*EXERCISE DESCRIPTION*
Please, from the entries below, transcribe exactly the lines that begin at the line with "EltaMD UV Pure" and end at the line with "LARGE FOSSIL CYANOBACTERIA", without the pictures.

*RECORD SET*
......
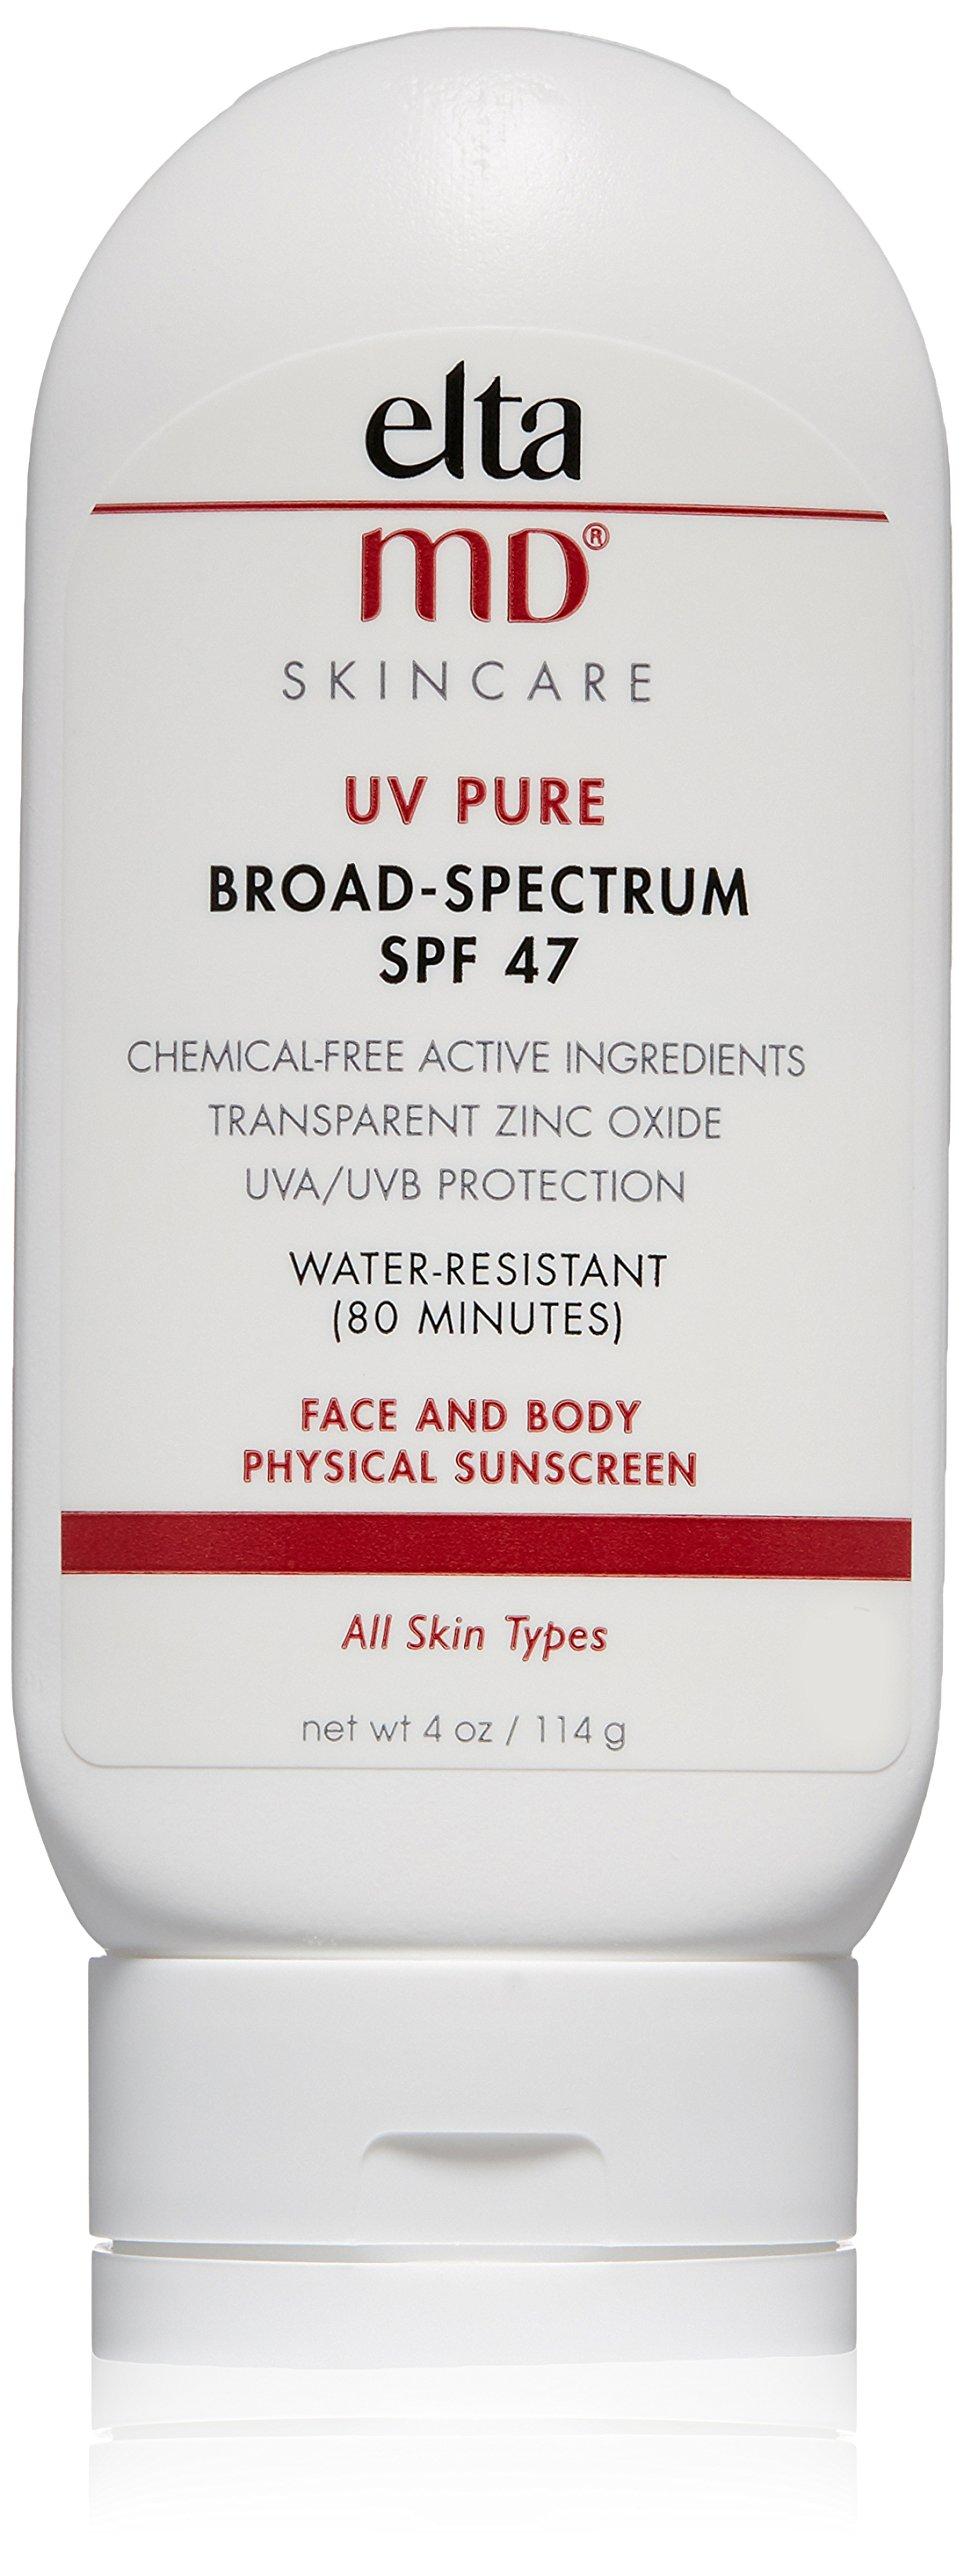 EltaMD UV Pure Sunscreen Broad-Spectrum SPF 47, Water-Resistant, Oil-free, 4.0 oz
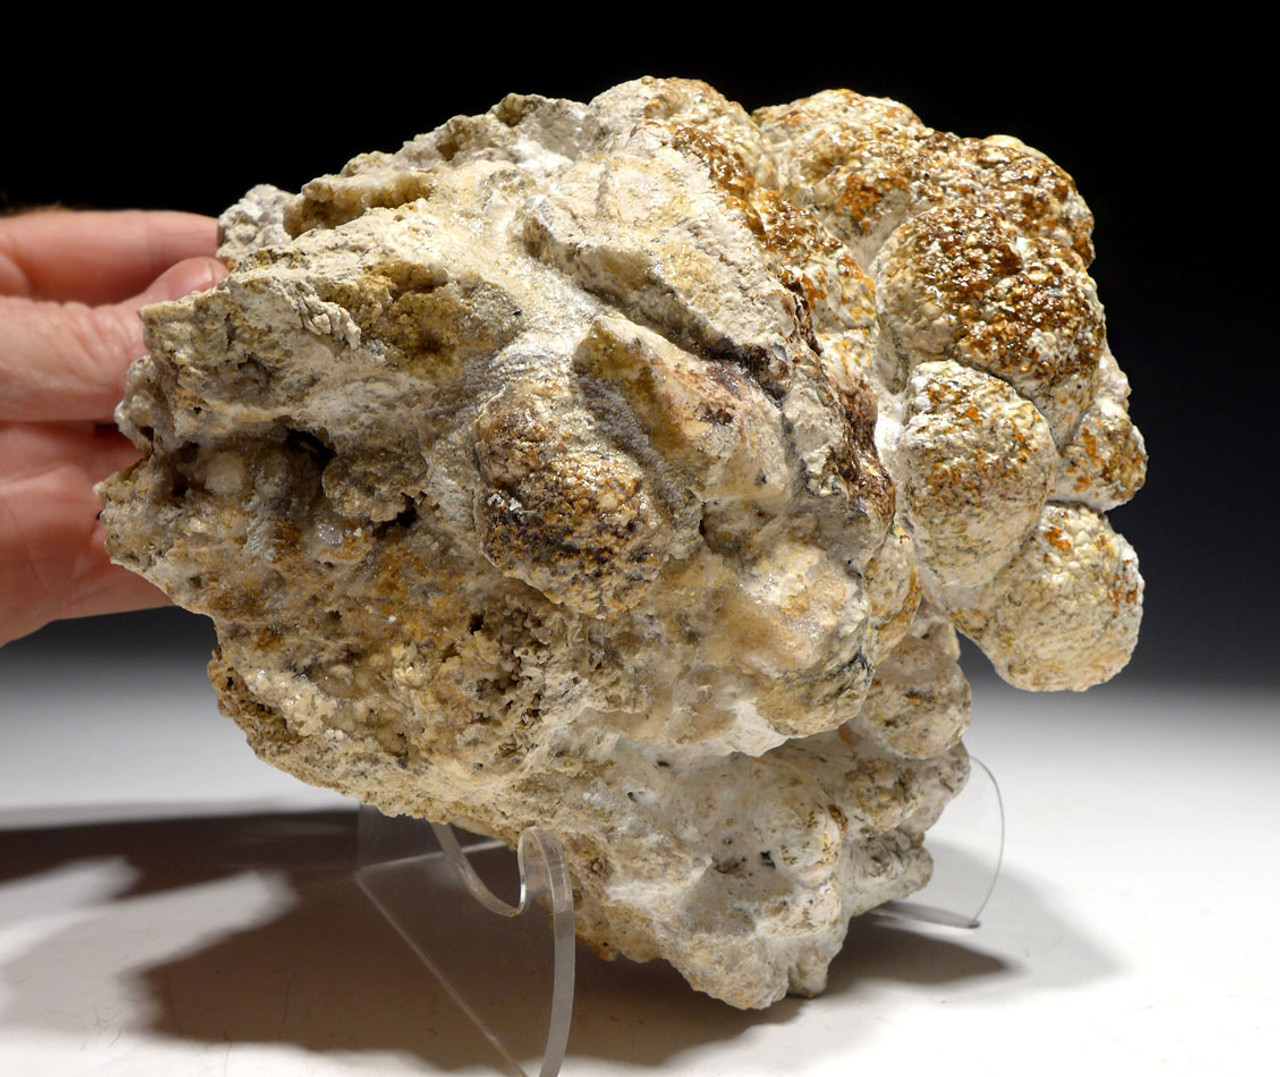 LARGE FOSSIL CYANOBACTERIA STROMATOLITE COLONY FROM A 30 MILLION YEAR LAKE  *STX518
......
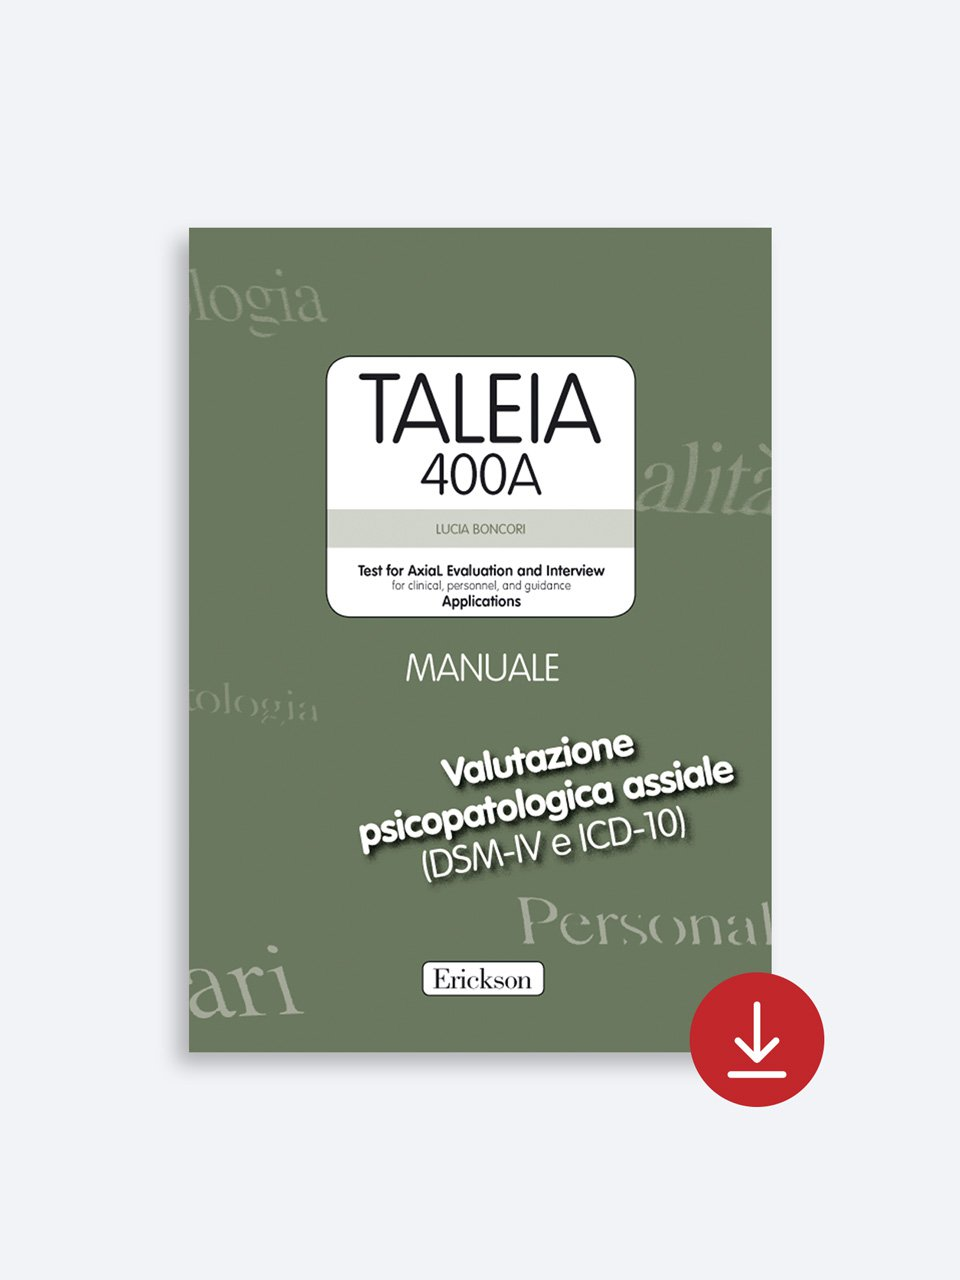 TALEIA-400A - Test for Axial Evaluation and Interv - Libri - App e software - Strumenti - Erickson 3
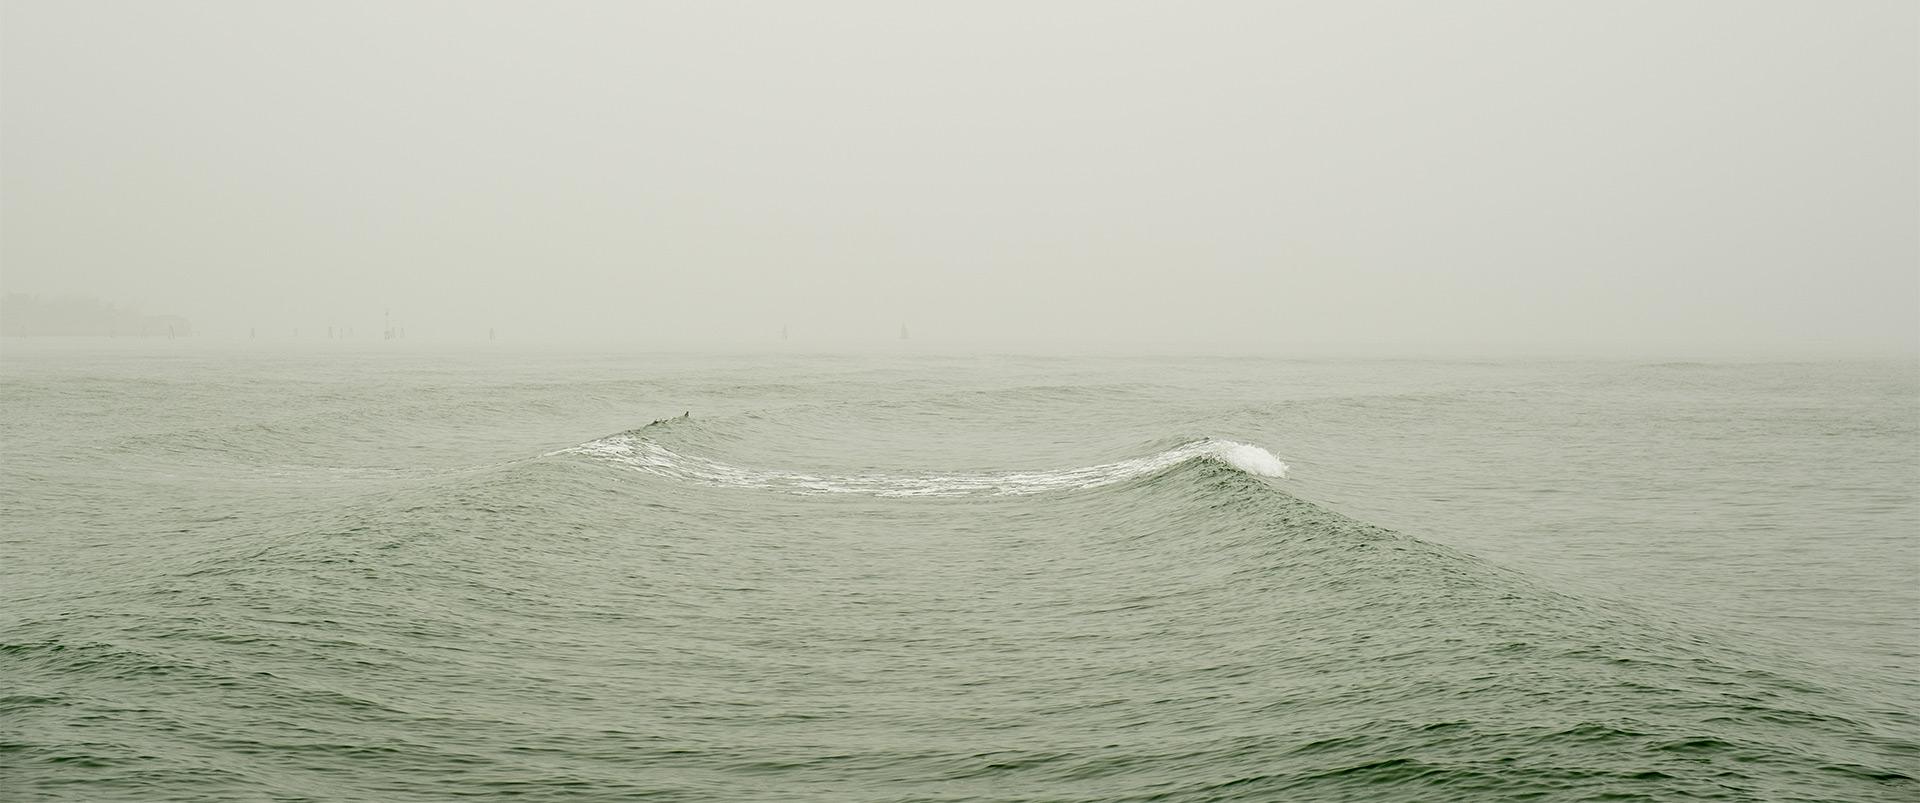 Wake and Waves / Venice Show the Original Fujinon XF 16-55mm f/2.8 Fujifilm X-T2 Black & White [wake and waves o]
......
*THE COMPLETED TASK*
 EltaMD UV Pure Sunscreen Broad-Spectrum SPF 47, Water-Resistant, Oil-free, 4.0 oz
 LARGE FOSSIL CYANOBACTERIA STROMATOLITE COLONY FROM A 30 MILLION YEAR LAKE  *STX518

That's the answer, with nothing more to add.